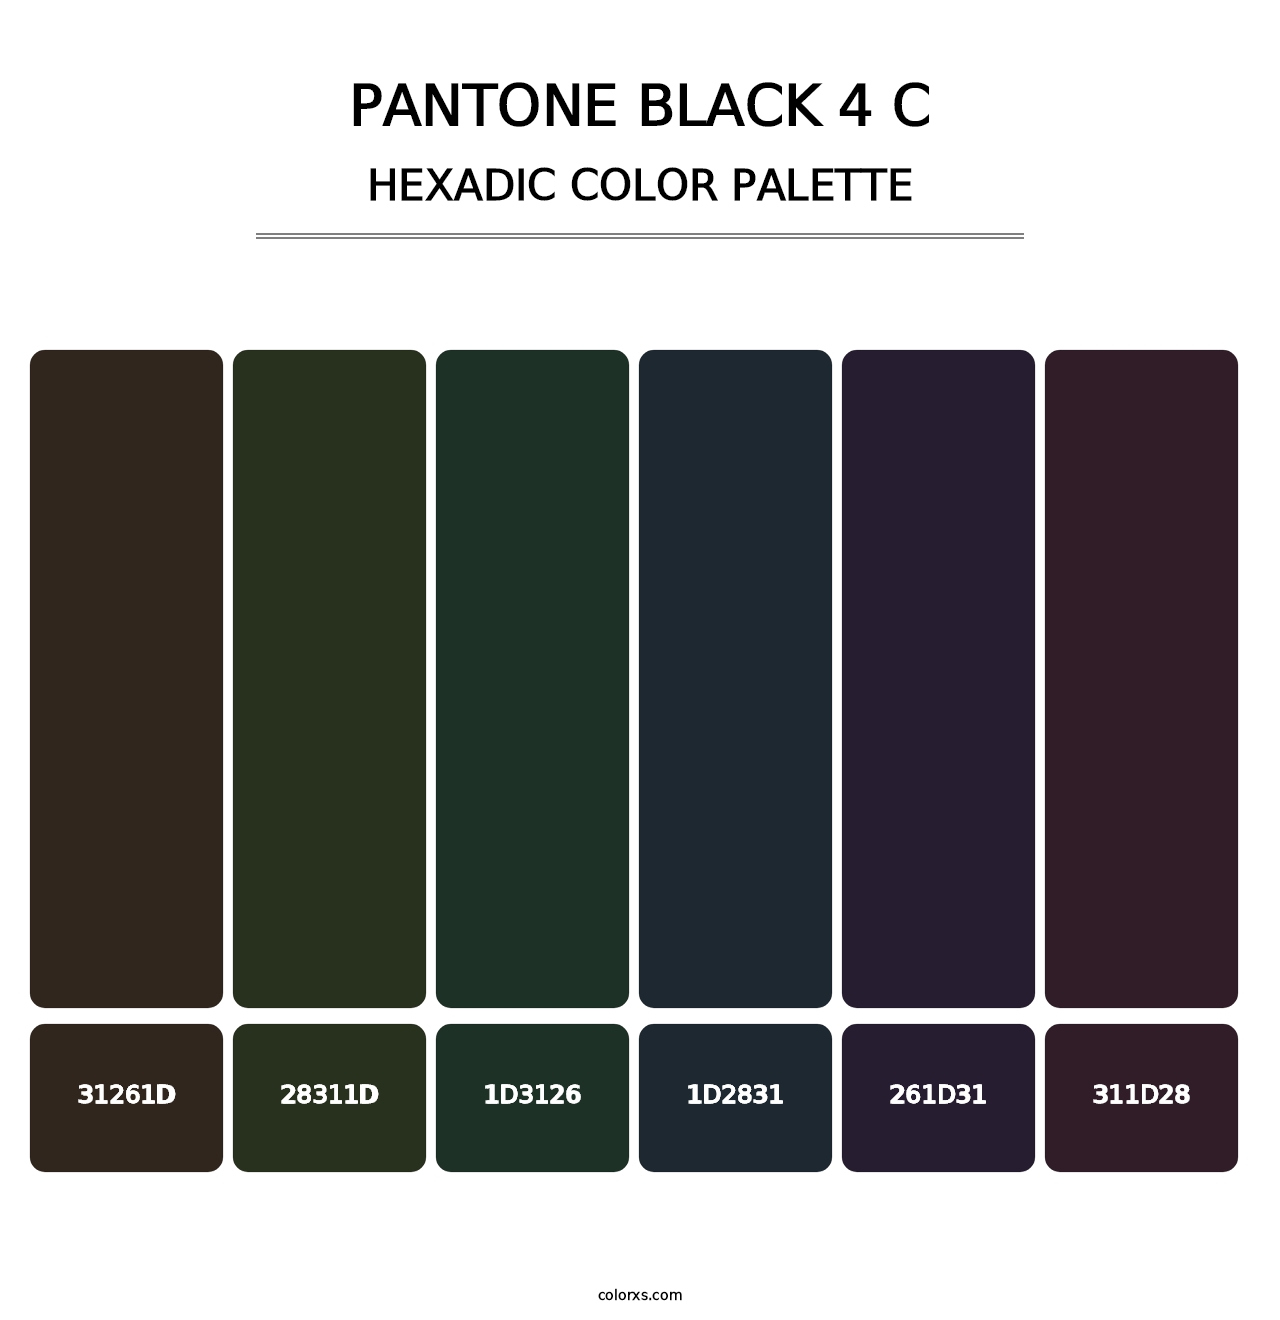 PANTONE Black 4 C - Hexadic Color Palette
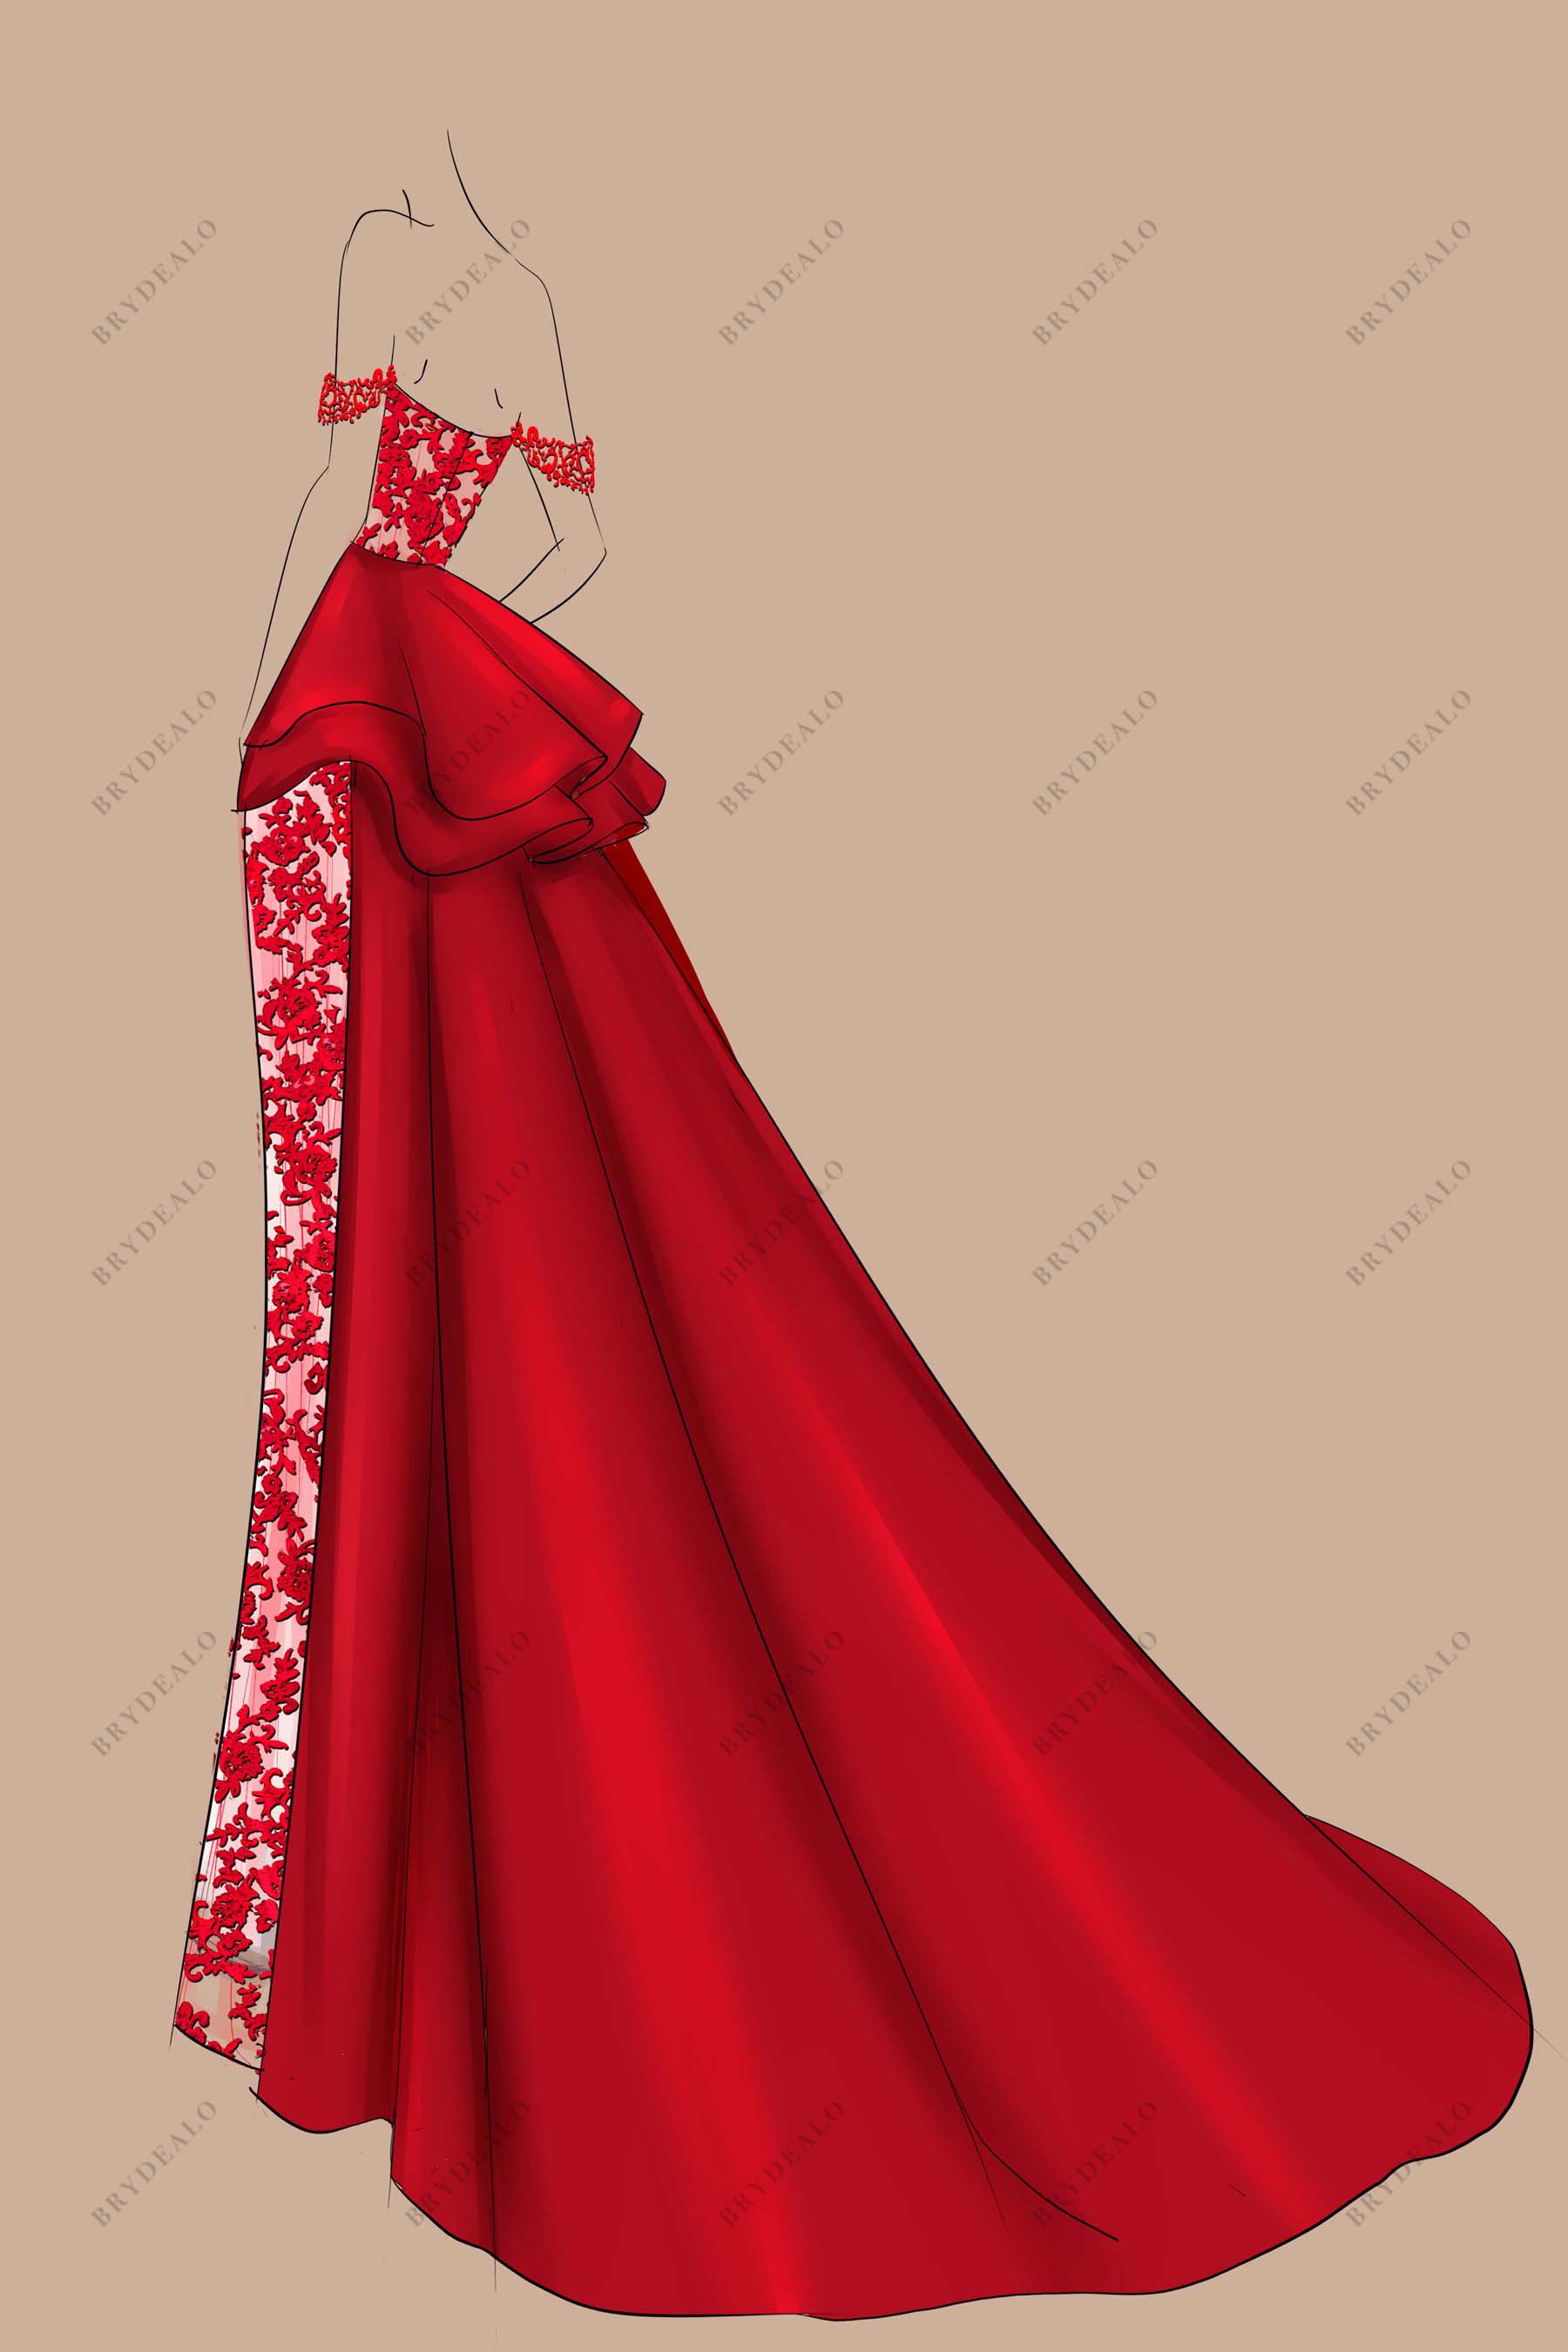 A-line Satin Overskirt Red Off Shoulder Prom Dress Sketch
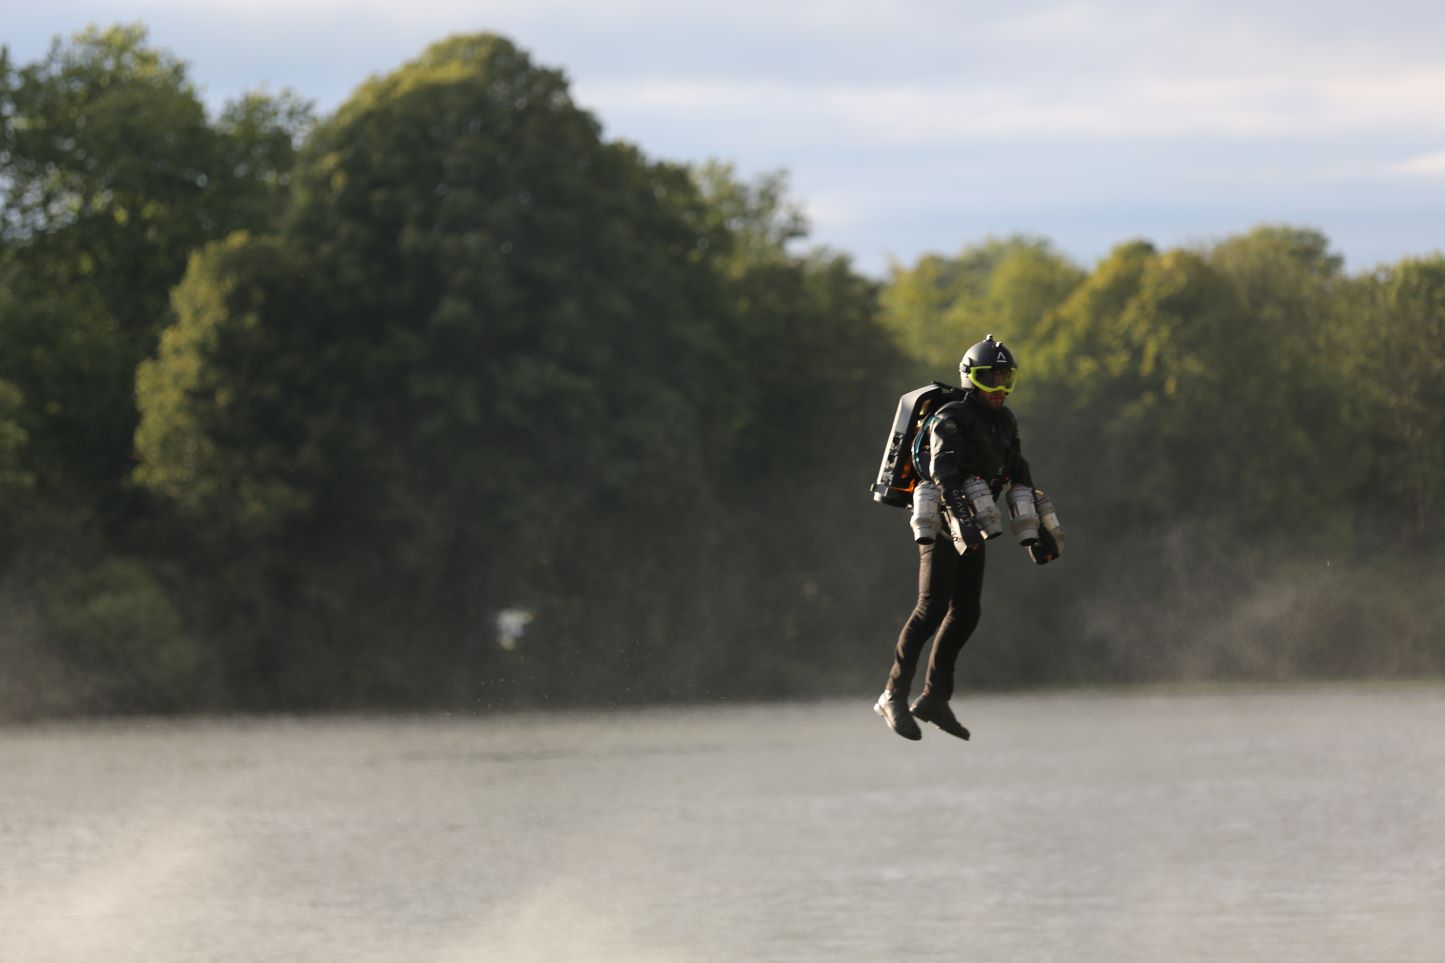 Gravity jet suit testing at lake (ph. credit Fraser Corsan)

----

What the task requires >> Would you restate word for word only the lines from the one containing "A-line Satin Overskirt" to the final line of the material, both ends included, without any pictures?

Your response >>
 A-line Satin Overskirt Red Off Shoulder Prom Dress Sketch
 Gravity jet suit testing at lake (ph. credit Fraser Corsan)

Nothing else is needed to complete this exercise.